The two Gestapo men looked at him in amazement. "What's wrong with him?" asked the Fat One.

Herbig went over. "Anything the matter?"

"Throw the beggars out," groaned Vohringer.

The Redhead looked at Herbig in confusion. "What's he got against us?"

"He's got something against everyone," Herbig enlightened them. He bent down for Vohringer's tommy-gun, which was lying near the door. "Can either of you handle this?"

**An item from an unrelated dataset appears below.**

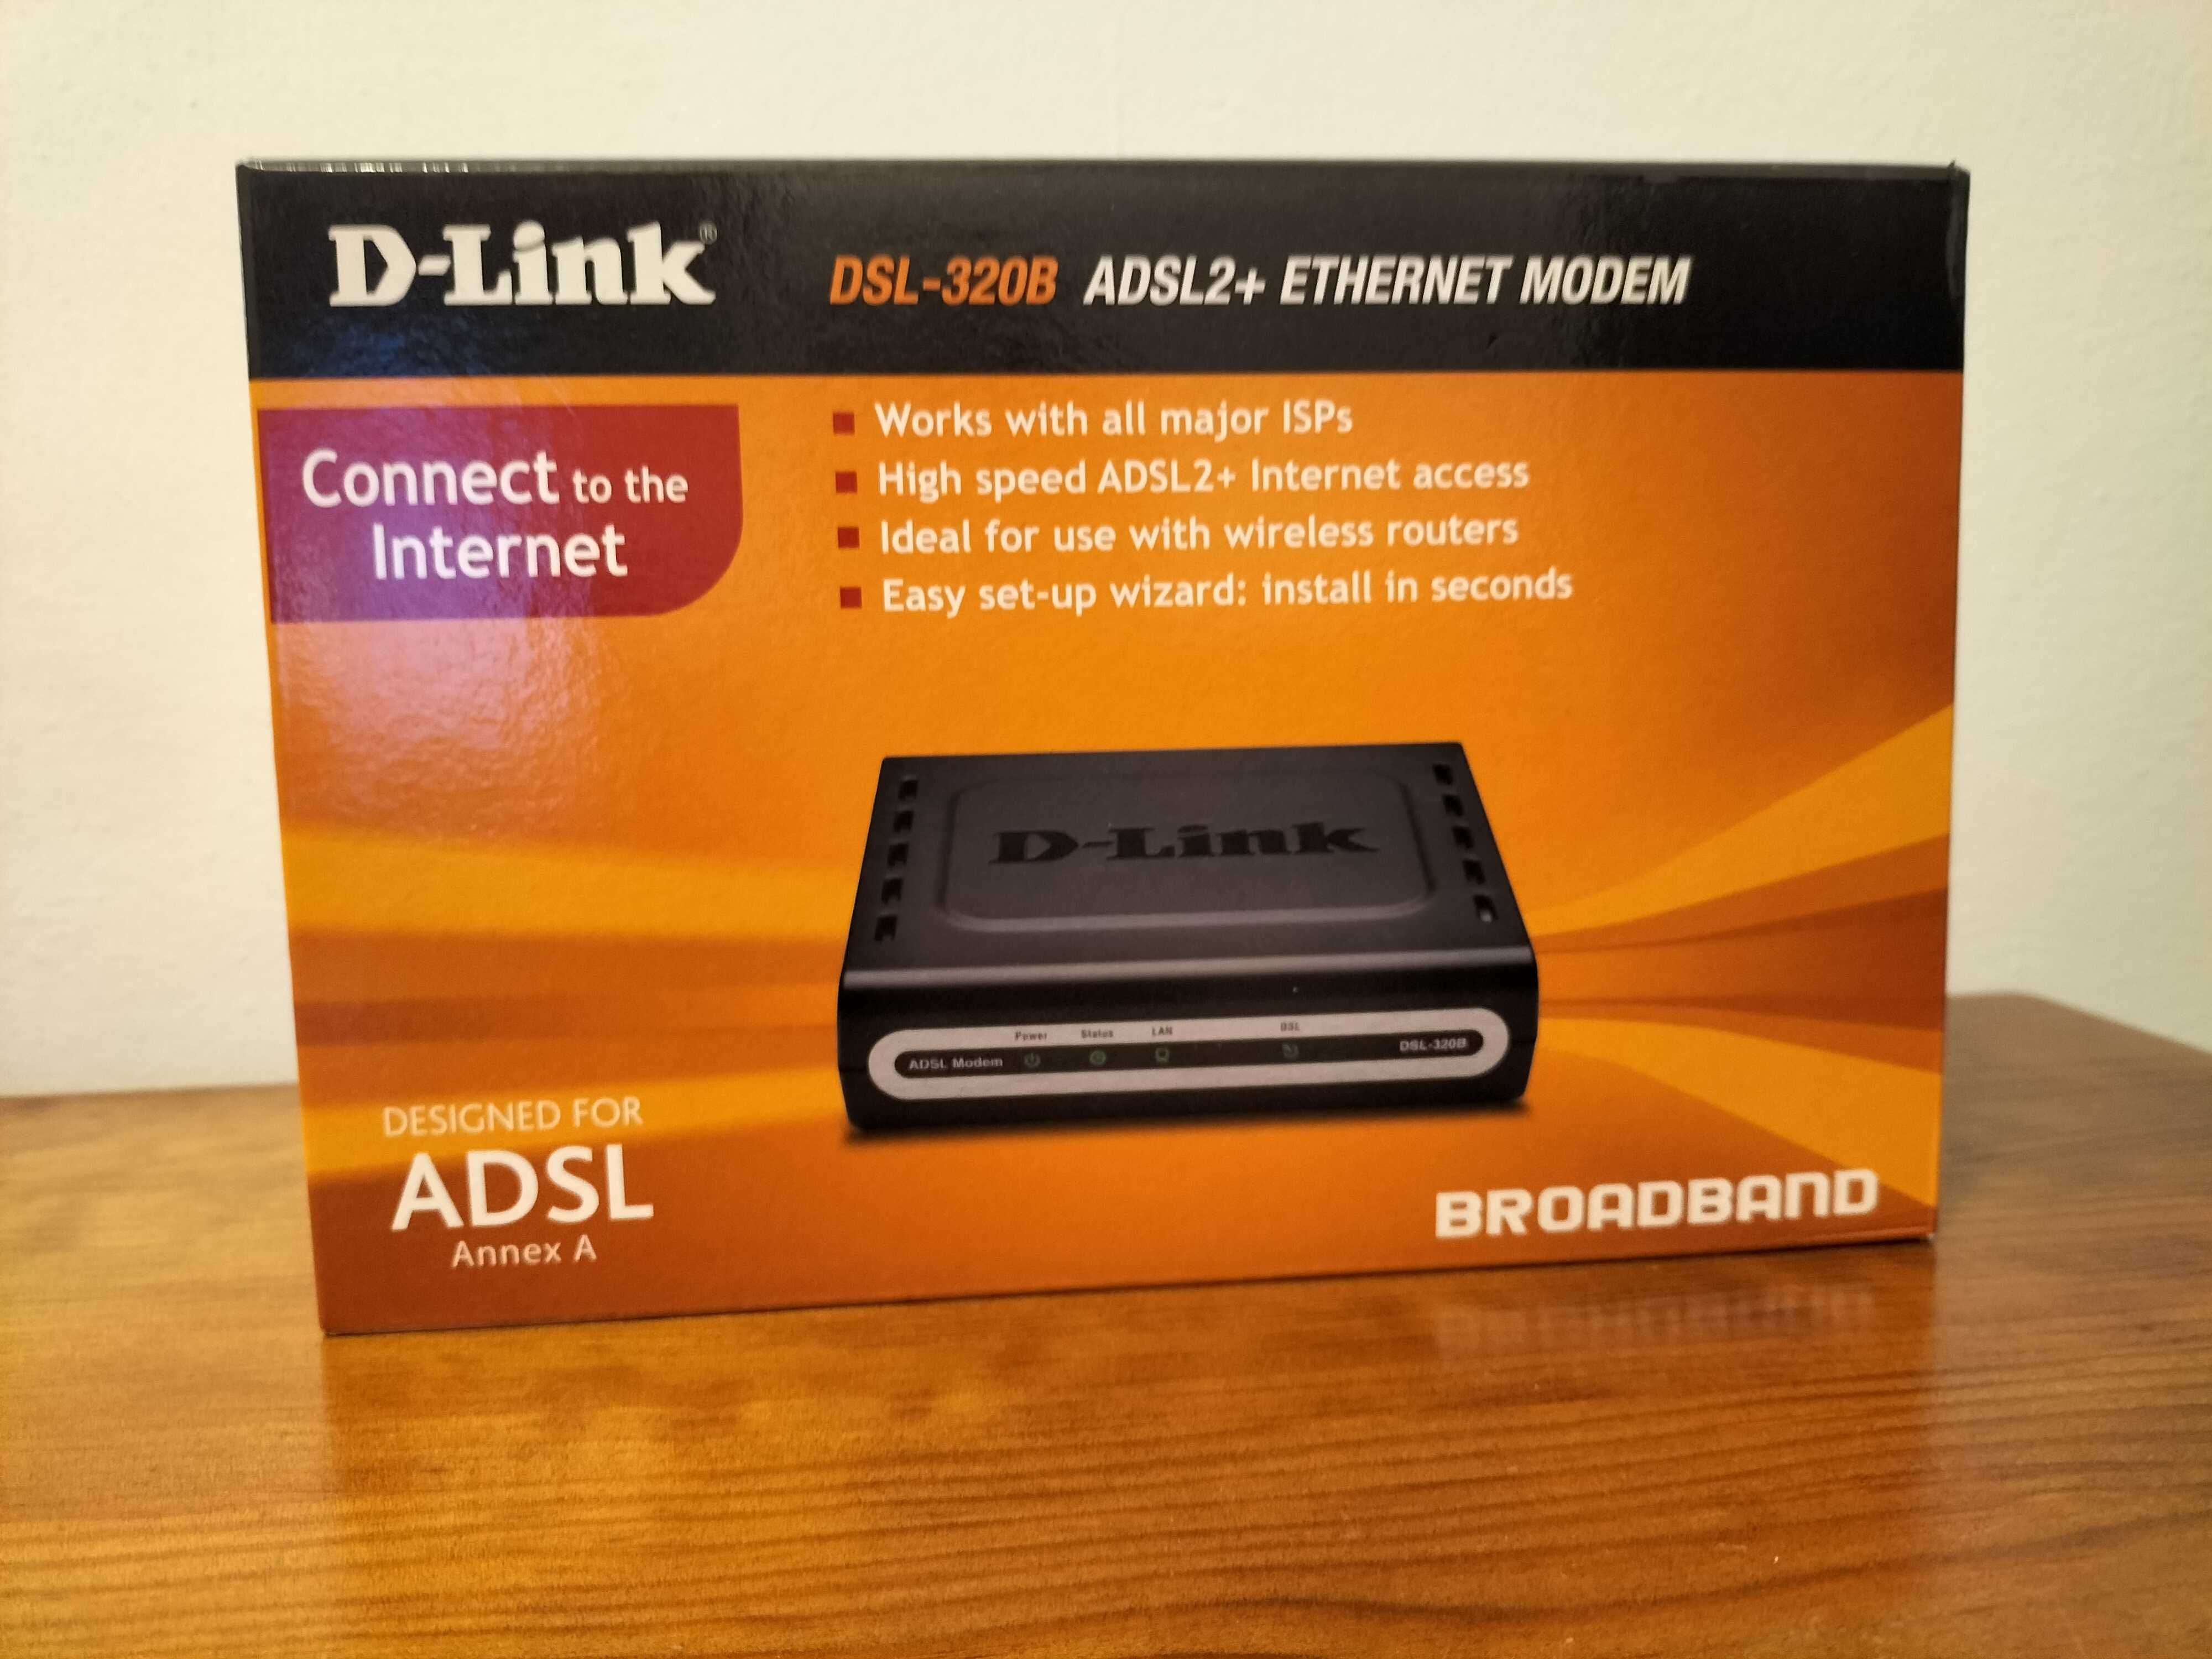 D-Link DSL-320B ADSL2+ ETHERNET MODEM

The two men eyed each other in embarrassment. "Not that one," said the Fat One. "I can manage a submachine gun all right, but . . ."

"This is the same. If you can work one, you can work the other." He showed them how to put the magazine in and set the gun at continuous fire. "A child could handle one," he said. "I wish we had a dozen more here. What interests me most now is why you've come to Oviz."

"Wish we'd never seen the place," grunted the Fat One, and told Herbig how they had driven straight to Szomolnok, where they found only Lieutenant Menges. In Oviz they stopped at the first house, and inquired about the NKVD man.

"You mean to say there's an NKVD man here and you simply drove up in your car?" Herbig asked.

The Fat One made a grimace. "What could we do about it? It's just like the inspector. In Dobsina he. . . ."

"Doesn't interest me," Herbig cut in rudely. From this place near the window he could see the shot-up car, with the dead partisan lying on his stomach a few yards away, already covered by snow. "Looks as if the NKVD chap must have known him," he remarked.

The Fat One cautiously took up position near Herbig and glanced out at the corpse. "Of course—it was he that led us here. We caught him with some others in Kosice blowing up the district headquarters. He obviously knew he'd get this sort of reception, otherwise he wouldn't have denied knowing which house the man lived in. If you hadn't called to us, we'd have run exactly the wrong way."

"You should have dropped behind the car, instead of hopping around in the street like frightened chickens. By the way, do you know why we are here?"

"The inspector heard about it from your adjutant. But back at division they think you're real deserters."

"Good God," said Herbig, stunned. "Why hasn't anyone told them?"

"I've no idea. I wasn't present when the inspector talked to your adjutant, we had to stay in the car to watch the prisoner. He only told us afterward that you weren't deserters at all. Weren't there three of you?"

"There still
are
three of us, I hope," Herbig said. "But one of us had better go."

"Where to," asked the Fat One, looking startled.

"To Szomolnok. We need a truck for the casualty."

"Out of the question. You can't set foot outside the door. He can die here as well as in a hospital. Out of the question," the Fat One repeated.

"It'd be plain suicide," the other hastily agreed.

"Then I'll go myself."

"You're staying here." They all looked at Vohringer. "You're staying here," Vohringer repeated. With his bloodless lips, yellow skin and shriveled face, he already looked like a dead man.

Herbig went over to him. "Aren't these two enough for you?"

"They can go hang themselves. If a partisan sticks out his tongue at them, they'll faint on the spot. The hole in my belly is enough for me, I don't want my throat cut as well."

"But just now you said I should get a doctor."

"I've changed my mind. We'll wait till Kolodzi comes."

"Hope we don't wait till we're blue in the face."

"Not with that conscientious bastard," said Vohringer, pressing his hands to his stomach and screwing up his face. "He's just as dense as you."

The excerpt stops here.